Are all offences under the Act cognizable and non-bailable?
All offences are cognizable by virtue of Section 25's non-obstante clause. They are not, however, all non-bailable. Section 11-A imposes a targeted bail restriction only for the serious Section 8(b)(i) to (iii) and 8(e) offences — bail there requires hearing the prosecuting officer and a reasoned order. Lesser offences attract ordinary CrPC bail principles.
Is a confession to a Prohibition and Excise Officer admissible?
Generally yes. Although Section 24 deems such an officer an officer-in-charge of a police station for investigation, he is not a "police officer" under Section 25 of the Evidence Act.
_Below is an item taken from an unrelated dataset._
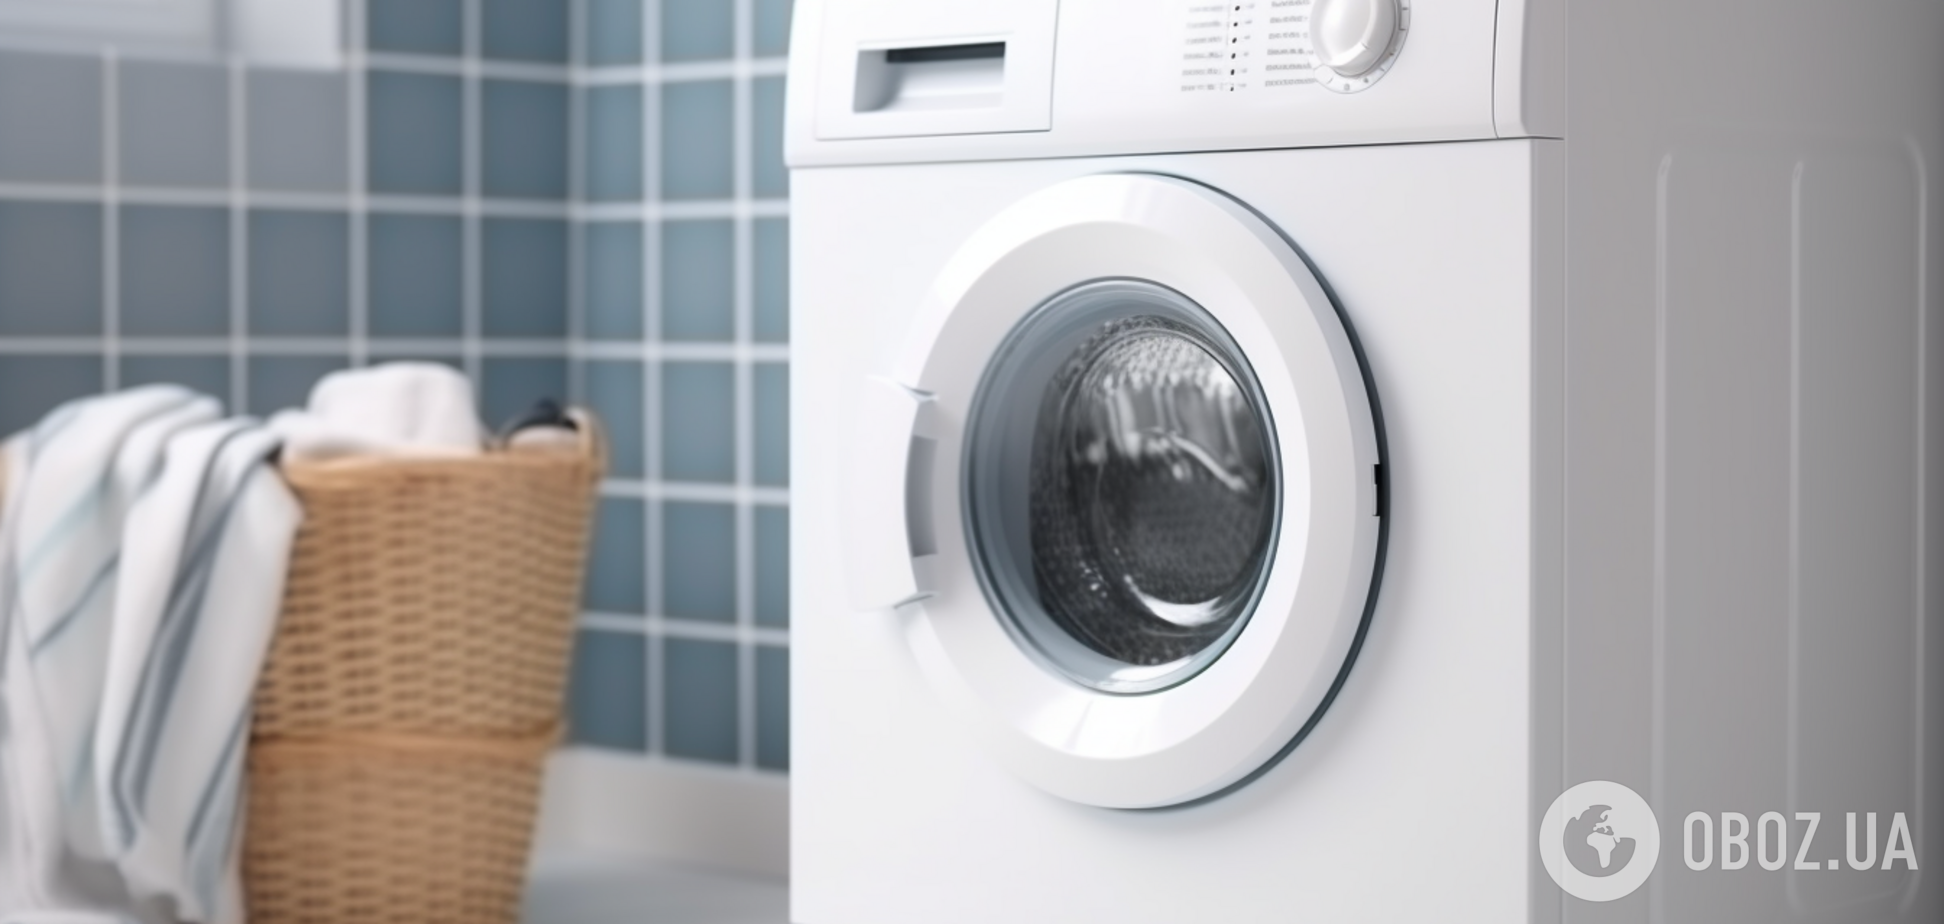 Одяг буде свіжим, як ніколи: у пральній машинці знайшли 'приховану' рятівну кнопку

State of Punjab v. Barkat Ram, AIR 1962 SC 276, and Raj Kumar Karwal v. Union of India, (1990) 2 SCC 409, hold that officers under special Acts who cannot file a Section 173 CrPC report are not police officers, so confessions to them are not barred.
How does the confiscation procedure differ from the criminal trial?
They run in parallel. Under Section 13 the Deputy Commissioner may confiscate seized property "whether or not a prosecution is instituted," exercising civil-court powers, after a show-cause notice under Section 13-A, with appeal to the Commissioner under Section 13-C. Section 13-D makes the criminal verdict irrelevant to the confiscation order, and Section 13-E ousts the criminal court from the release question.
Can a prohibition offence be settled without trial?
Yes, by compounding under Section 11-B. The Collector or an empowered officer may accept a prescribed sum (not exceeding the maximum fine) for specified minor offences under Sections 8 and 9. On payment, no criminal proceedings continue and acceptance is "deemed to amount to an acquittal" — though contraband liquor is not released and serious clause (b) offences need the Commissioner's prior approval.